On apprend en voile bien souvent à ses dépends. On s'en tire la plupart du temps avec un avertissement sans frais ou une bricole à remplacer. Parfois, malheureusement, ce n'est pas le cas. Nous ne sommes pas des pro. Le "fautif" a sous-évalué les risques et sur-estimé ses capacités. Est-ce pour autant un crétin ? Pour ma part, je ne conclurai dans ce sens qu'en cas de récidive.

Pour moi, le patron de la SNSM a raison et est dans son rôle en utilisant ce genre d'incident pour communiquer sur les risques. Le tambour médiatique fonctionne mieux lorsque les articles ont du corps. heo aurait-il réagit de la même manière à un article de la snsm demandant de "faire attention" ? C'est pour une bonne cause.

06 oct. 2020
5

Ce n'était pas au ponton du port d'Arradon mais à Pen er Men, pas très loin de là, dans une zone où le courant est fort. C'était forcément déraisonnable de sortir en annexe vu le temps, ça ne pouvait pas bien se passer. Néanmoins je suis surpris, désagréablement, de cet interview dans le télégramme. Les sauveteurs ne doivent-t-ils pas rester discrets malgré les aberrations qu'ils rencontrent régulièrement ? A différents degrés tout le monde peut faire une erreur avec ses conséquences.
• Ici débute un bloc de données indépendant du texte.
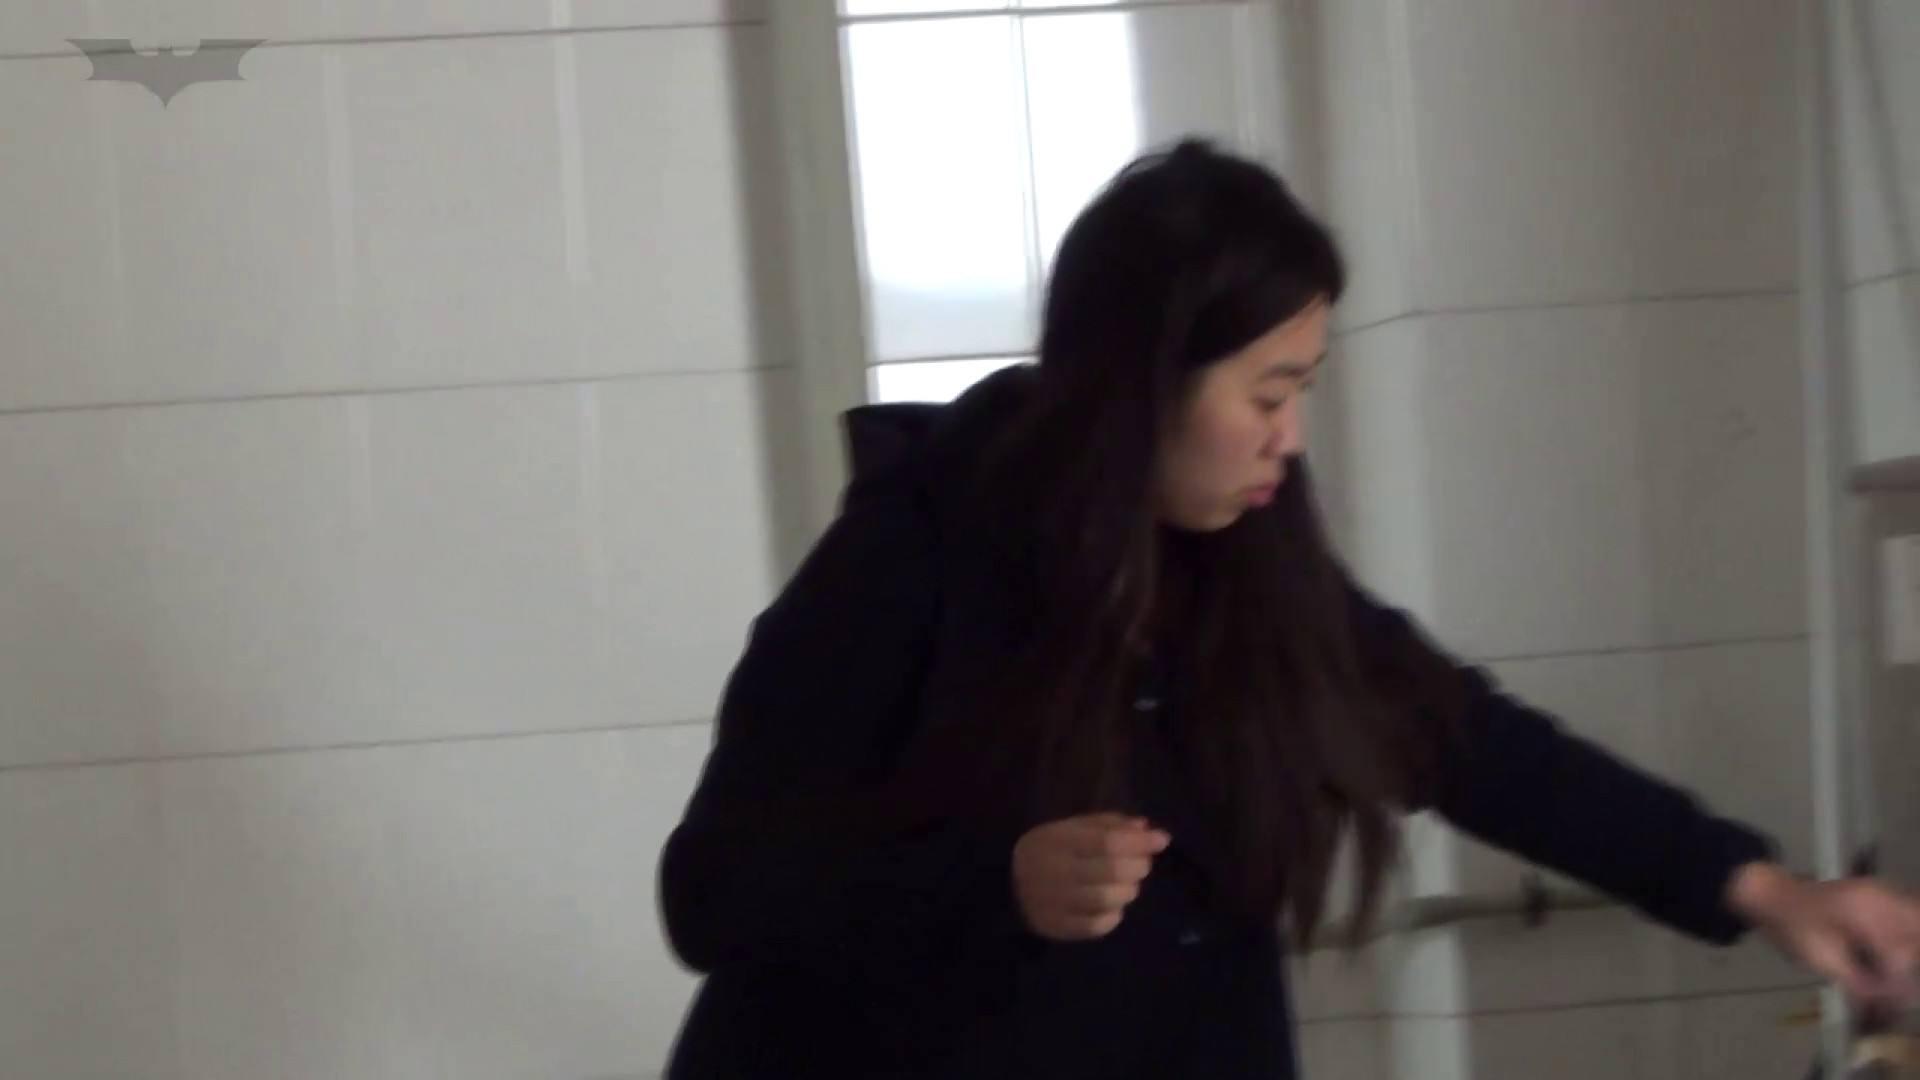 JD盗撮 美女の洗面所の秘密 Vol.36 高評価 おまんこ無修正動画無料 111枚 108
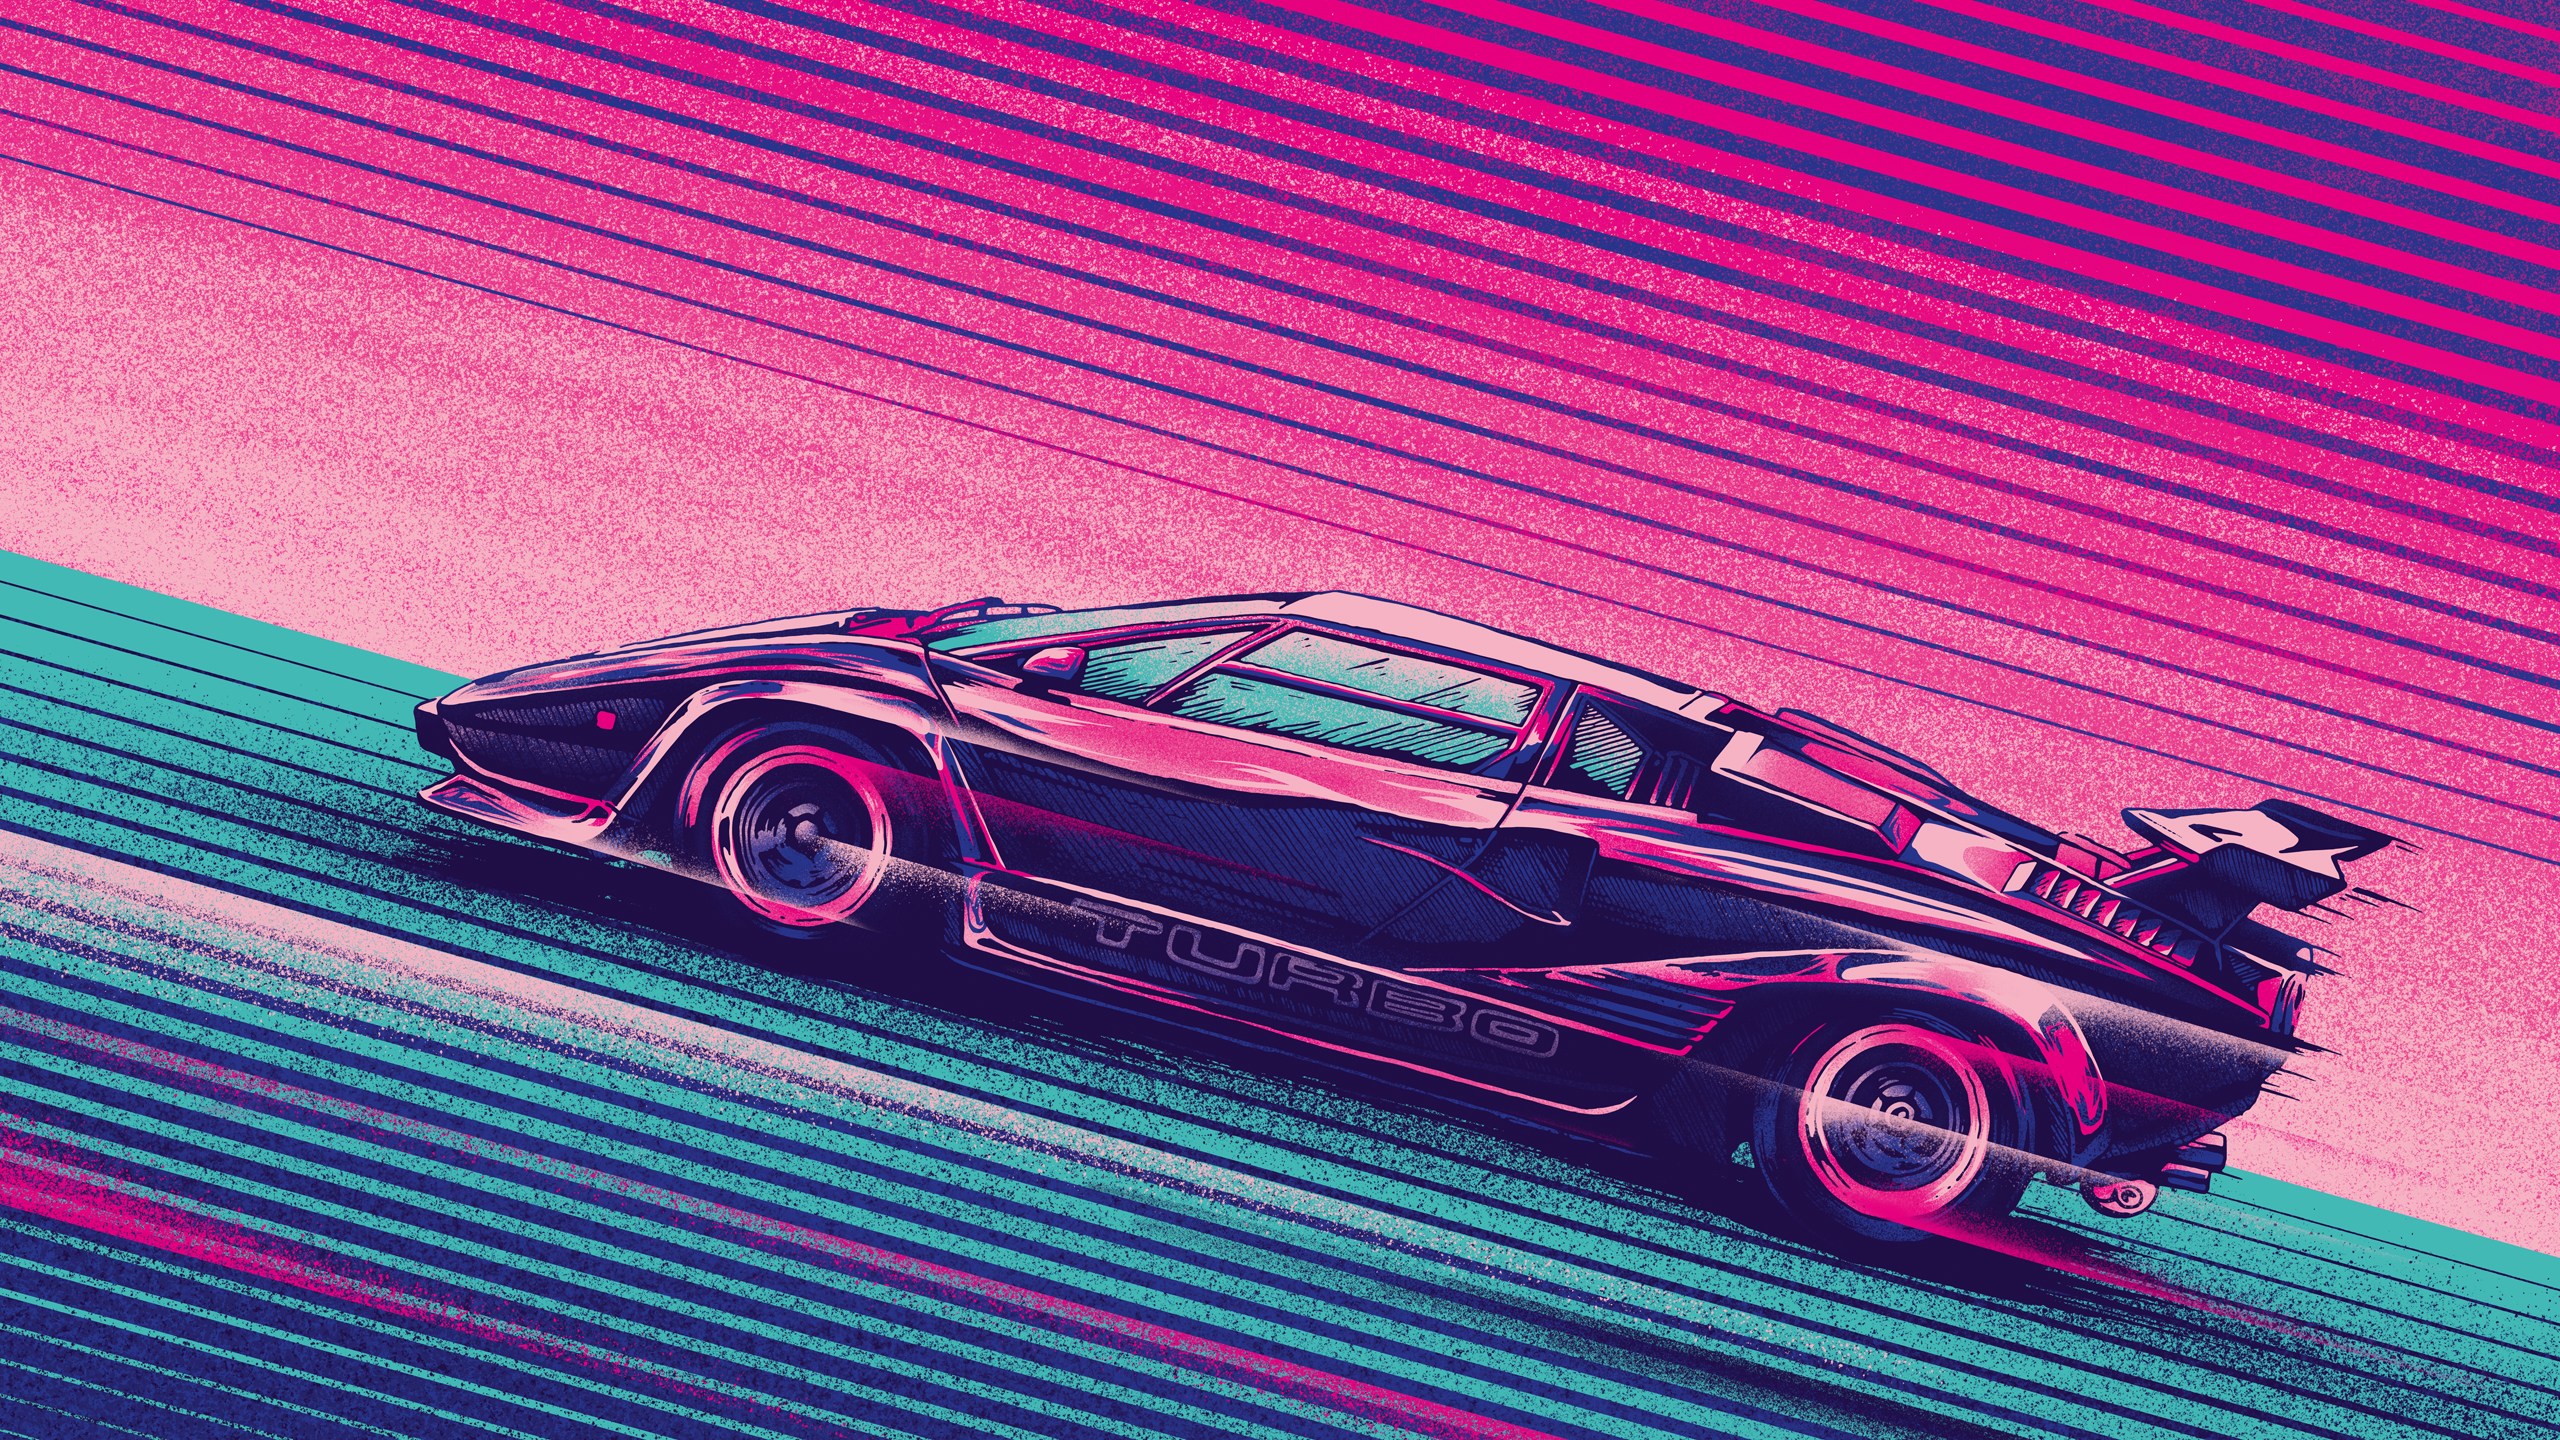 Free download Lamborghini Countach HD Wallpaper Background

Ok pour recevoir une critique et des conseils de la part de ceux qui interviennent, c'est leur rôle. Mais quant à l'étaler dans la presse...si j'ai besoin de la SNSM du golfe je m'interrogerai si je peux compter sur leur discrétion ou si je peux m'attendre à une médiatisation qui accable encore un peu plus. Quant au petit coup de pub sur la nouvelle vedette en fin d'article, bof...

08 oct. 2020
1

Bah, le nom, l adresse et le 06 du naufragé n ont pas été communiqué alors... comme l écrit ptiplouf, ce genre de commentaire s apparente à de la prévention

08 oct. 2020
1

il manquerait plus que ça, encore heureux...

08 oct. 2020
1

Ah... j ai peut être eu tort d user du second degré. Optimisme de ma part. Sorry

08 oct. 2020
1

je comprends mieux !...

09 oct. 2020
-1

Le président de la station est tout à fait dans son rôle en réagissant après cet incident: il ne nomme pas l'infortuné et ne donne aucun moyen de l'identifié.
Peut-être exagère-t-il dans son évaluation de la situation: peut-être volontairement pour marquer les esprits ? Cette sortie dans la presse sauvera peut-être quelques vies qui sait ?
Si ce n'est pas volontaire, rappelons que la SNSM a perdu 3 hommes l'année dernière dans un accident du à l'imprudence d'un marin qui y est lui aussi resté. On peut comprendre que les gars de la SNSM soient un chatouilleux sur le sujet.